Lauren took one more step and a seagull pecked furiously at the head of the scarecrow and the hat came off and the head was jerked and jolted between the gulls as they fought over it. White and grey feathers so bright in the gloom of the day; so sharp-edged and brightly contrasted against the black crows.
Mommy . . . Mommy . . .
She gasped.
She could hear it in the screams of the gulls.
I’m here. I’m here . . . Mommy . . . Mommy.
Their voices so angry, and they flew at her to ward her off. They scratched her face with their sharp, blood-specked beaks and when she touched her face there was blood on her fingers. Russell tried to wriggle free and run. He was squealing in fear.
Now she was within ten feet of the scarecrow and the more she looked at its hands and feet the more she saw blood. She tried to look away but the screaming gulls seemed to both repel her and compel her to come closer.
Here, here, here . . .
She could hardly breathe. So caught in the middle of the swirling gulls and the black crows that at first she didn’t see the scarecrow’s head tip backwards and she saw he had no features, just blood and white gristle and loose-hanging shards of flesh.
As Willis and Carter walked along the lane towards the farm they heard the deafening cacophony of gulls and crows – and in among the sound was a woman screaming.
Carter called Pascoe aside to talk in private. Pascoe excused himself from the doctor who had come from Penhaligon to certify the death. Stokes’ body was still attached to the post.
‘SOCOs are on their way, sir, they are coming from Truro,’ he said as he got near to Carter.
‘Okay, I need them to start working on the scene, but I’ve asked for my colleague from the MIT team to come down and he’ll be taking over when he arrives first thing in the morning.’

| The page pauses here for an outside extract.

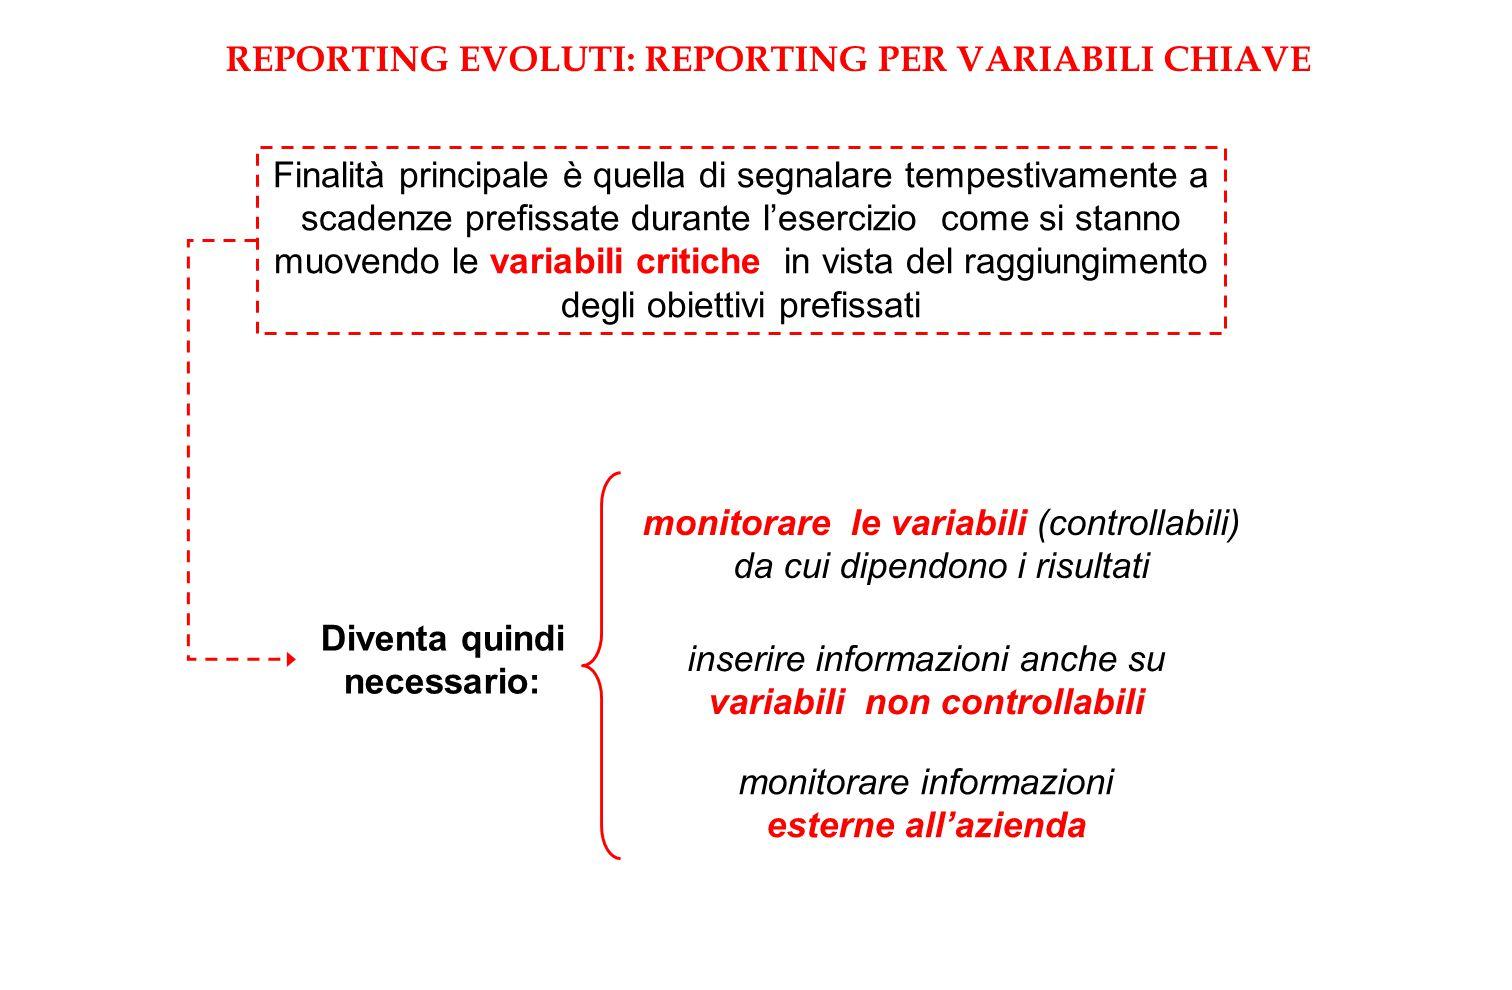 REPORTING EVOLUTI: REPORTING PER VARIABILI CHIAVE Finalità principale è quella di segnalare tempestivamente a scadenze prefissate durante l'esercizio

Pascoe looked at him curiously. ‘We have a specialist team, they can handle it.’
‘I know and I appreciate that, but I have my reasons. This farm is of interest to us in the abduction case. I don’t want anything overlooked while we’re investigating two separate cases.’
‘It’s up to you, sir.’ Pascoe looked slightly put out.
Carter went to find the Stokes family and Marky in the farmhouse kitchen.
‘My sympathies,’ he said, standing in the doorway.
‘Are you going to cut Martin down?’ asked Marky. ‘You can’t just leave him tied to the post. It’s not right.’